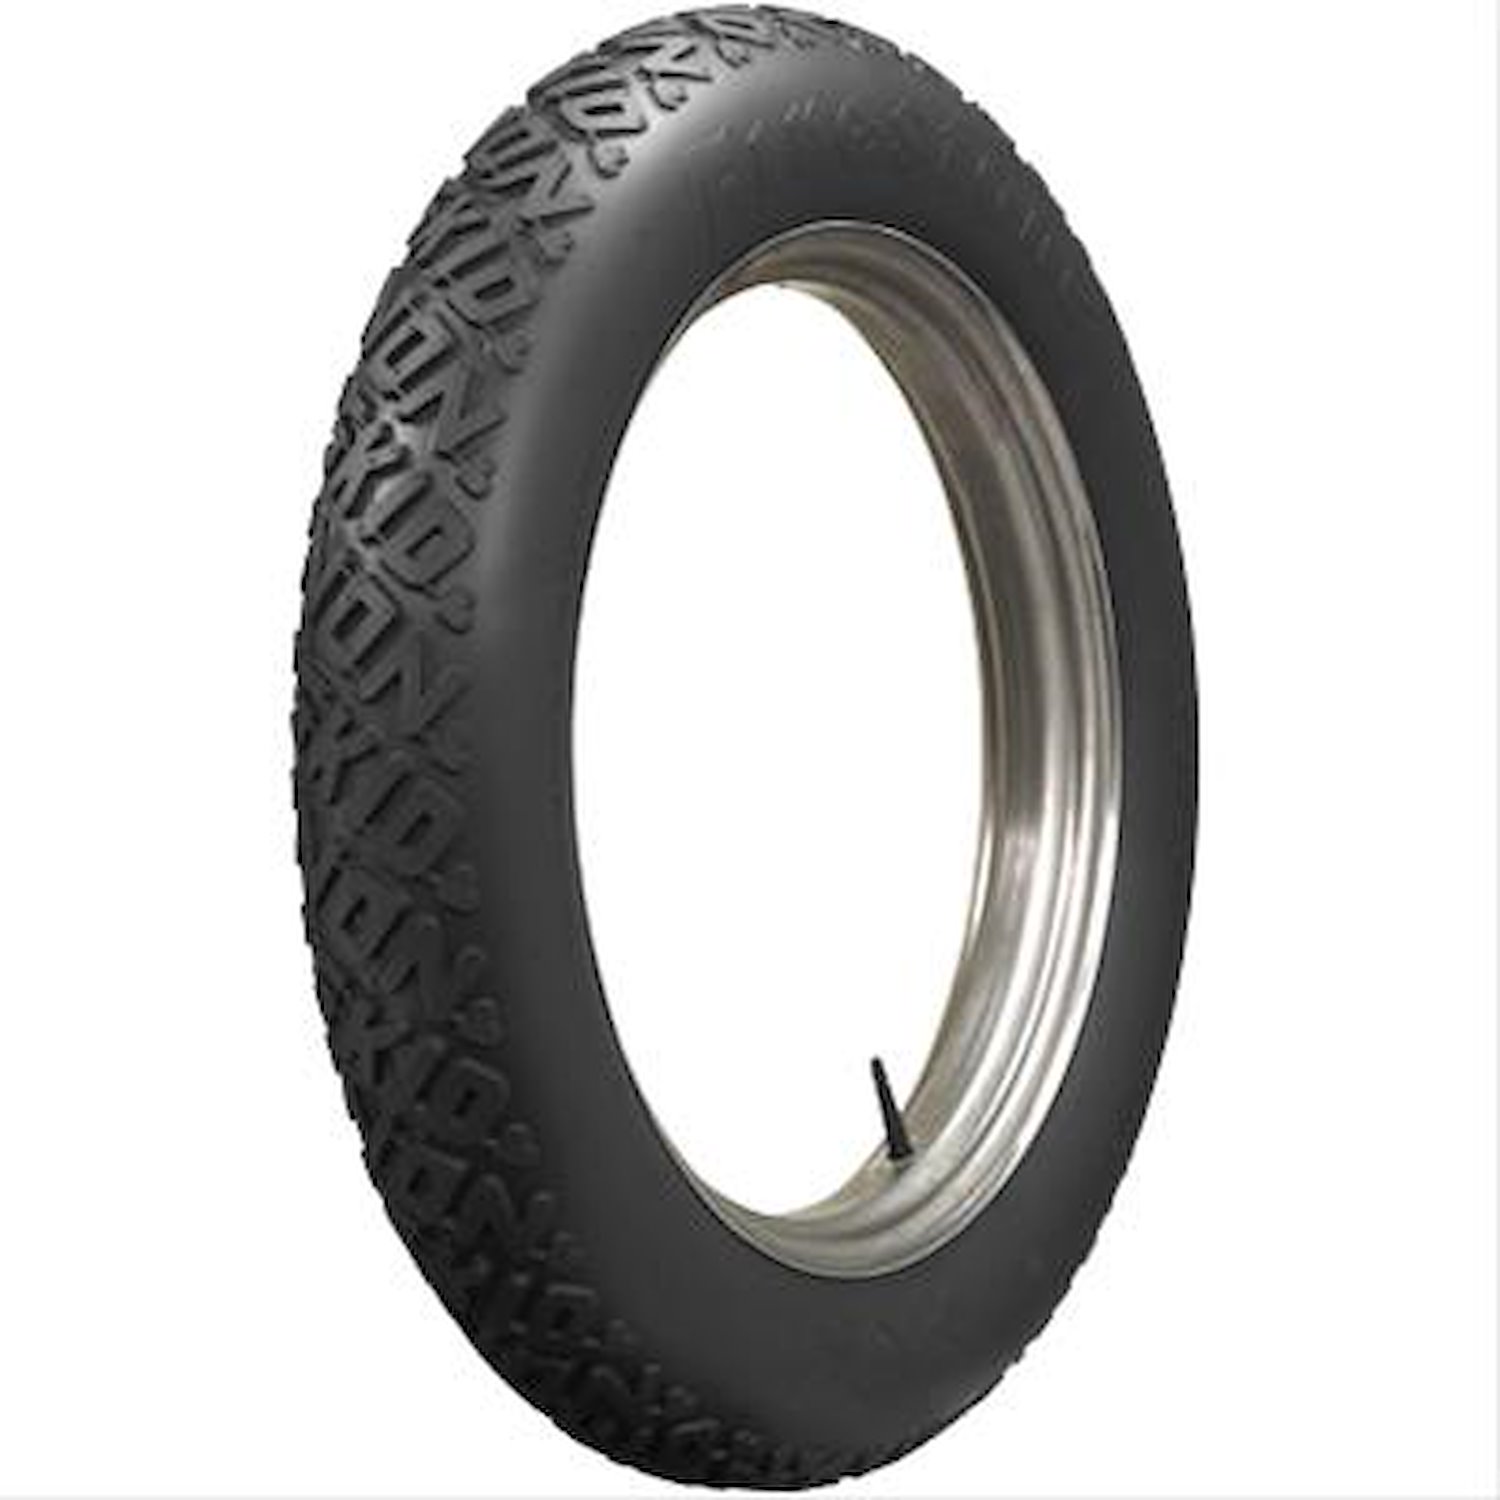 806020 Tire, Firestone Non-Skid, All Black, 36x4 1/2
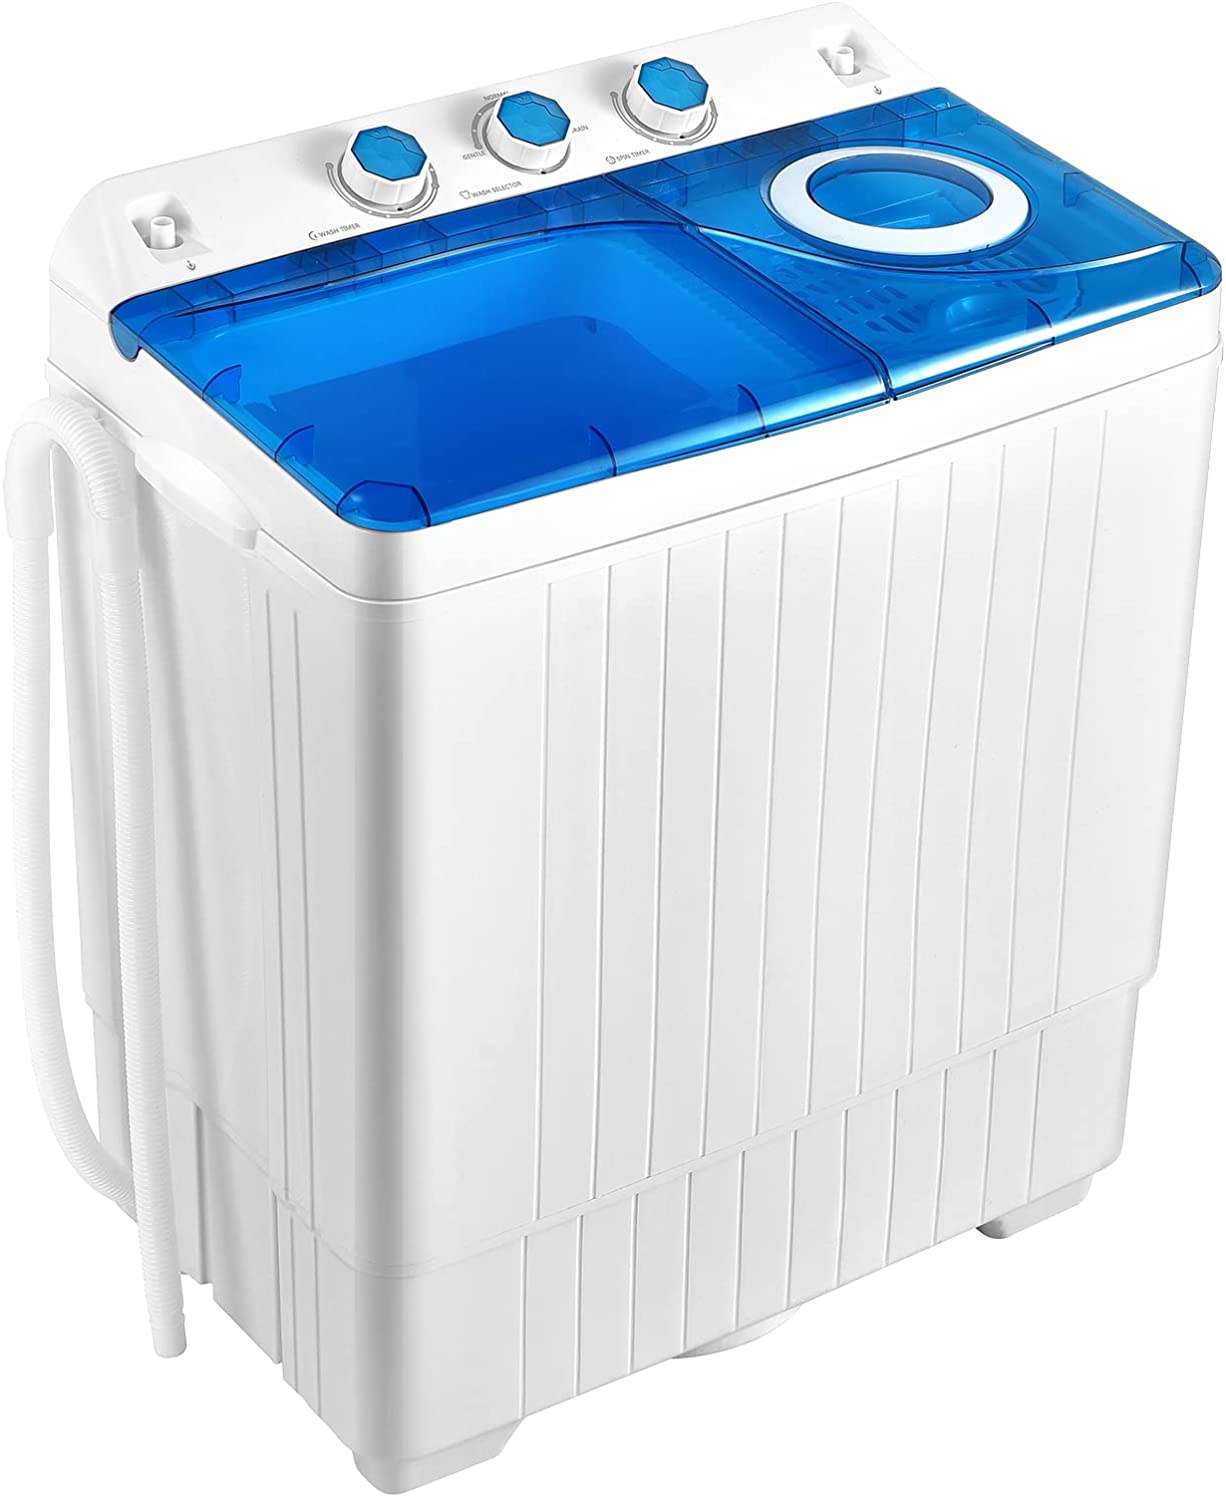  COSTWAY Mini lavadora portátil con secadora de centrifugado,  capacidad de lavado de 5.5 libras, máquinas eléctricas compactas, diseño  duradero, ahorro de energía, controlador giratorio, lavadora de :  Electrodomésticos
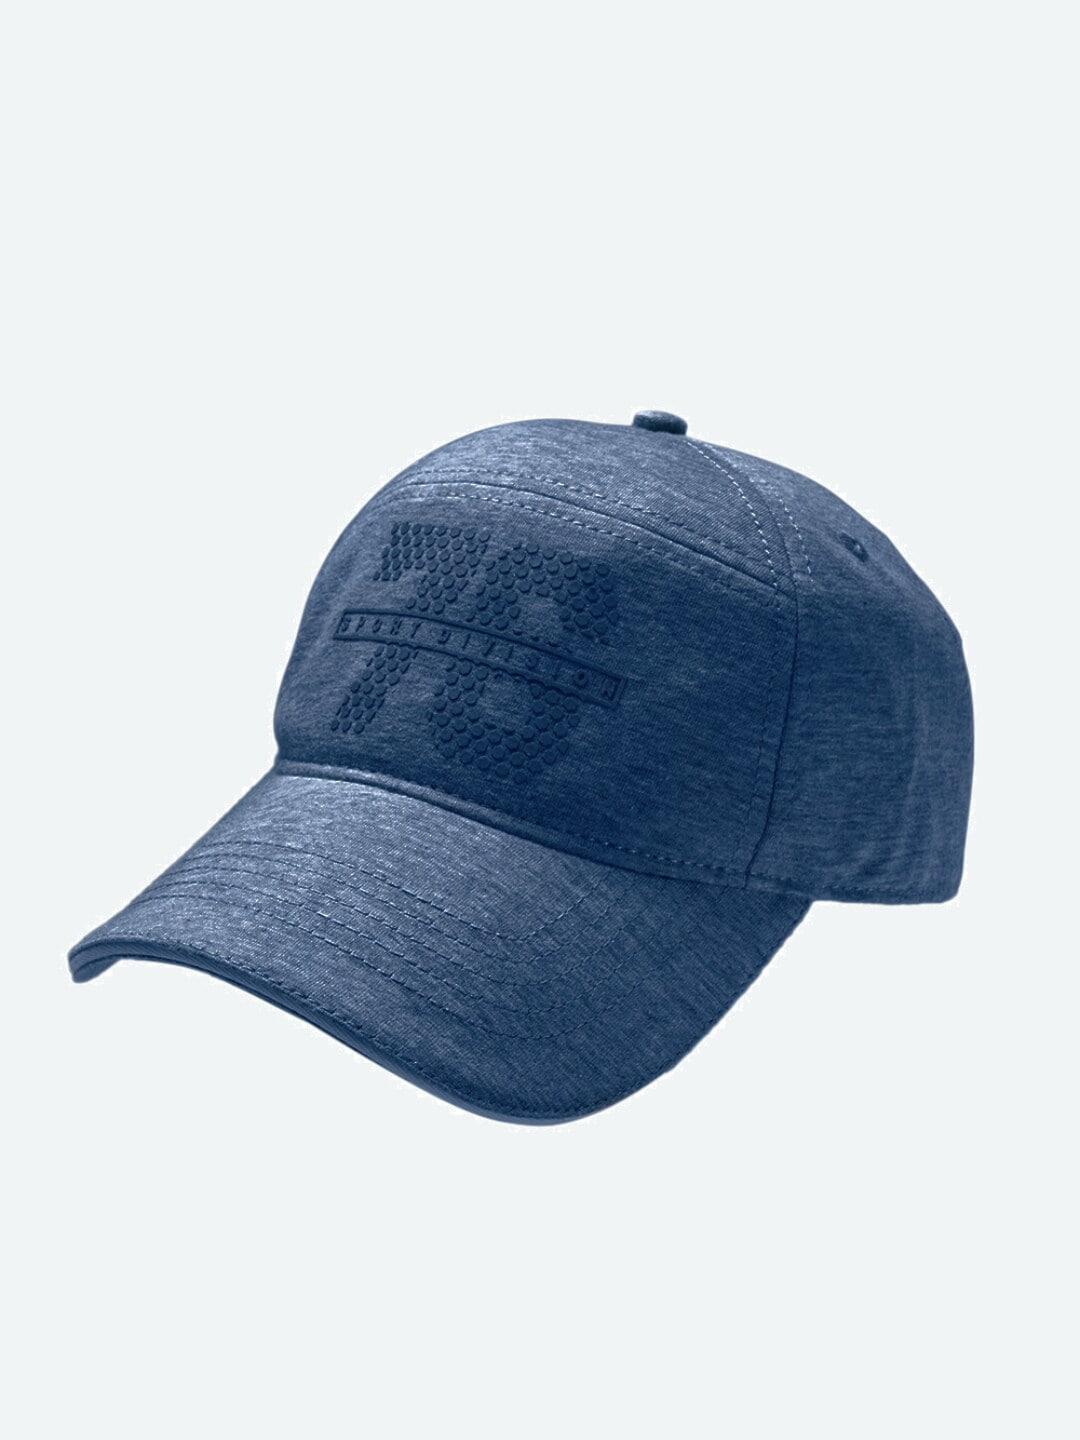 jockey-men-navy-blue-visor-cap

▶ **Task item**: From the material above, output every line exactly as written, dropping any picture.

▶ **Output for this exercise**:
 806020 Tire, Firestone Non-Skid, All Black, 36x4 1/2
  COSTWAY Mini lavadora portátil con secadora de centrifugado,  capacidad de lavado de 5.5 libras, máquinas eléctricas compactas, diseño  duradero, ahorro de energía, controlador giratorio, lavadora de :  Electrodomésticos
 jockey-men-navy-blue-visor-cap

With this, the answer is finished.